AKO 2007/366b
Afspraken Cliëntenparticipatie Ketenprogramma’s
• •
Algemeen Ketenoverleg Landelijke Cliëntenraad
22 januari 2007
Afspraken tussen het Algemeen Keten Overleg (AKO) en de Landelijke Cliënten Raad (LCR) over cliëntenparticipatie bij de ontwikkeling en uitvoering van ketenprogramma’s. 1. Doelstelling o Het AKO en de LCR zien het als hun taak de klantgerichtheid en het lerend vermogen van de ketensamenwerking te bevorderen. o Daartoe stimuleren zij cliëntenparticipatie bij het tot stand brengen en realiseren van de ketenprogramma’s en de daaruit voortvloeiende initiatieven op regionaal niveau. o Over de vormgeving van de cliëntenparticipatie op landelijk niveau maken zij onderstaande afspraken. 2. Afbakening o De cliëntenparticipatie bij de vormgeving van ketensamenwerking behoort tot de verantwoordelijkheid van de afzonderlijke of samenwerkende ketenpartners op centraal en decentraal niveau.
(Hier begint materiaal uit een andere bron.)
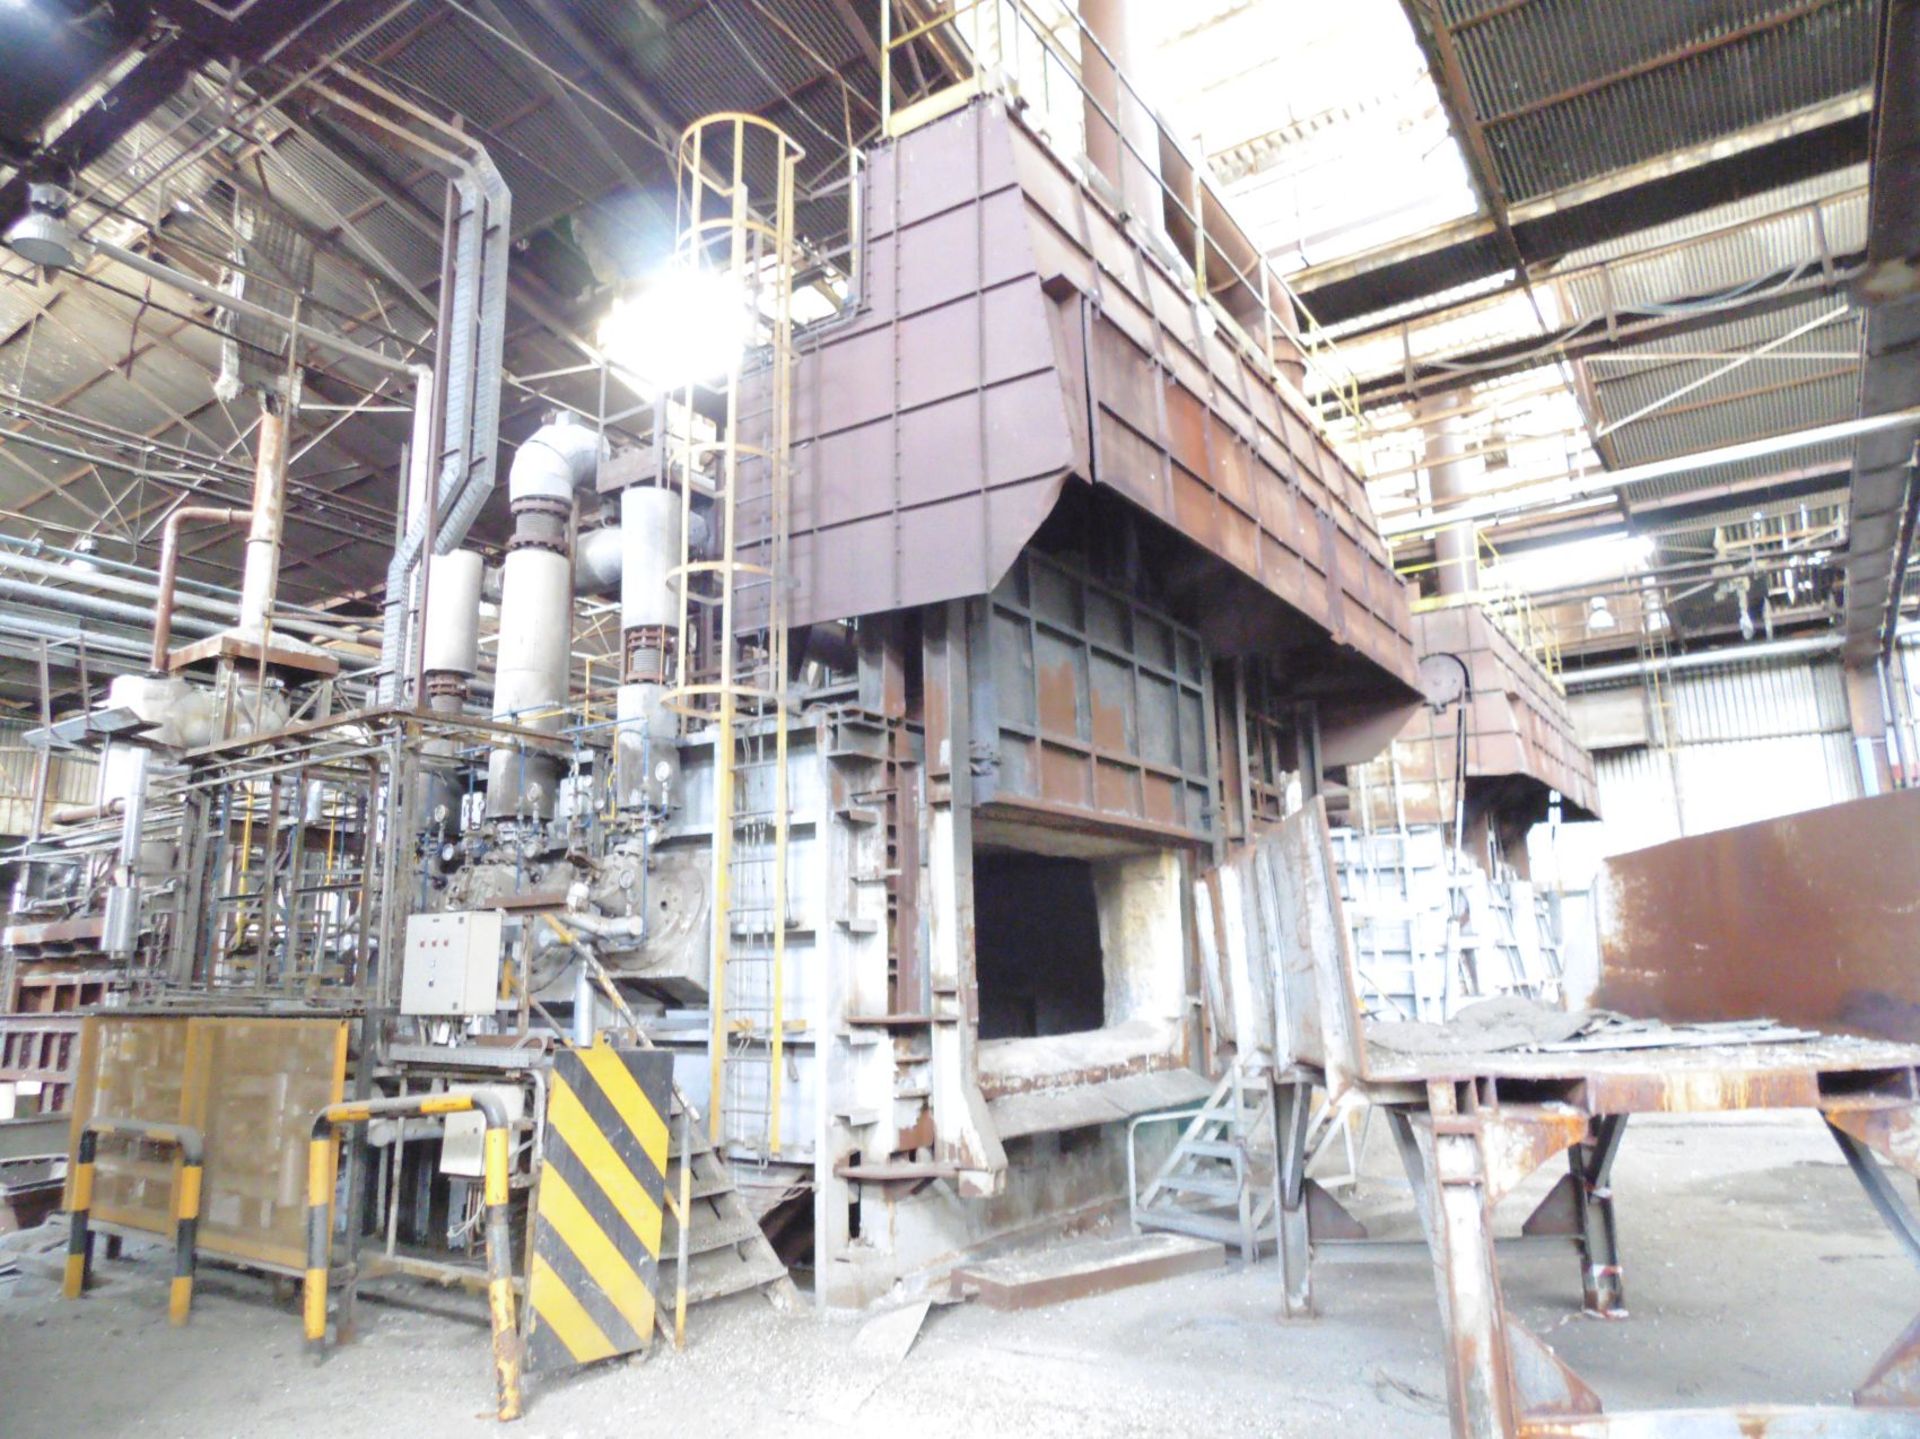 35 Ton and 30 Ton Aluminium Melting Furnaces; both with Low Sulphur Oil Burner Combustion Systems - Image 5 of 6

Het AKO vervult daarbij, als landelijk afstemmingsplatform, een stimulerende, initiërende en informerende rol. o De afspraken tussen AKO en LCR betreffen alleen de ontwikkeling, uitvoering en evaluatie van ketenprogramma’s en de daaruit voortvloeiende activiteiten die door hen op landelijk niveau worden geïnitieerd, uitgevoerd en beheerd. 3. Overleg o AKO en LCR overleggen tenminste 2 x per jaar over de uitvoering van het lopende ketenprogramma en de ontwikkeling van het ketenprogramma en de ketensamenwerking voor het volgende jaar. o Er kan worden besloten tot extra overleg, bijvoorbeeld rond bepaalde thema’s. o Het overleg is informatief en consulterend van aard. o De agenda wordt in overleg opgesteld. o Het AKO verzorgt het secretariaat en de verslaglegging. 4. Afstemming o AKO en LCR stemmen regelmatig af over het geheel aan lopende initiatieven en het verloop daarvan. o Die afstemming vindt plaats door overleg tussen de secretaris AKO en de ambtelijk secretaris LCR met, in principe, een frequentie van 4 x per jaar. o In dit overleg worden desgewenst ook afspraken gemaakt over: o de cliëntenparticipatie in de afzonderlijke door AKO en LCR geïnitieerde landelijke initiatieven, thema’s, experimenten en onderzoeken. o te agenderen onderwerpen voor het bestuurlijk overleg AKO-LCR. 5. Overige contacten o De LCR kan rechtstreeks worden betrokken bij AKO trajecten, experimenten, onderzoeken e.d. Over de inhoud en vorm hiervan worden vooraf, op secretarieel niveau, afspraken gemaakt. Dat geldt ook andersom voor LCR initiatieven.
2
6. Uitwisseling van informatie en stukken. o Ter ondersteuning van het overleg en verdere afstemming dragen AKO en LCR zorg voor tijdige en volledige toezending van relevante stukken. o De gewenste tijdigheid wordt in het ambtelijk overleg afgesproken op basis van de door beide partijen benodigde behandeltijd en ruggespraak met ketenpartners en cliëntenraad. o Ook andere belangrijke, de ketensamenwerking of aanpassing van de dienstverlening betreffende, correspondentie wordt uitgewisseld. o De LCR draagt er zorg voor dat zijn leden worden geïnformeerd over de landelijke ketenprogramma’s en –initiatieven en zorgt voor de toezending van stukken naar die partijen. Het AKO doet dat naar de organisaties van de ketenpartners op centraal niveau. o AKO en LCR informeren elkaar en hun achterban waar nodig over ingenomen standpunten of besluiten uit het overleg, de afstemming en de uitkomsten uit de cliëntenraadpleging. 7. Instrumenten o AKO en LCR bevorderen cliëntenparticipatie bij de vormgeving, realisatie en evaluatie van de landelijke initiatieven op regionaal en lokaal niveau binnen de daarvoor, op basis van de bestaande wet- en regelgeving, ingerichte structuur en instrumentarium. o Daarnaast bevorderen AKO en LCR, in samenwerking of afzonderlijk, de rechtstreekse participatie van cliënten en maatschappelijke groeperingen zoals cliëntenpanels, themadiscussies, forumbijeenkomsten, expertmeetings, tevredenheidsonderzoeken e.d. o AKO en LCR informeren elkaar tijdig over die bijeenkomsten en nodigen elkaar uit om daarbij aanwezig te zijn. De bijgevoegde toelichting is integraal onderdeel van deze afspraken.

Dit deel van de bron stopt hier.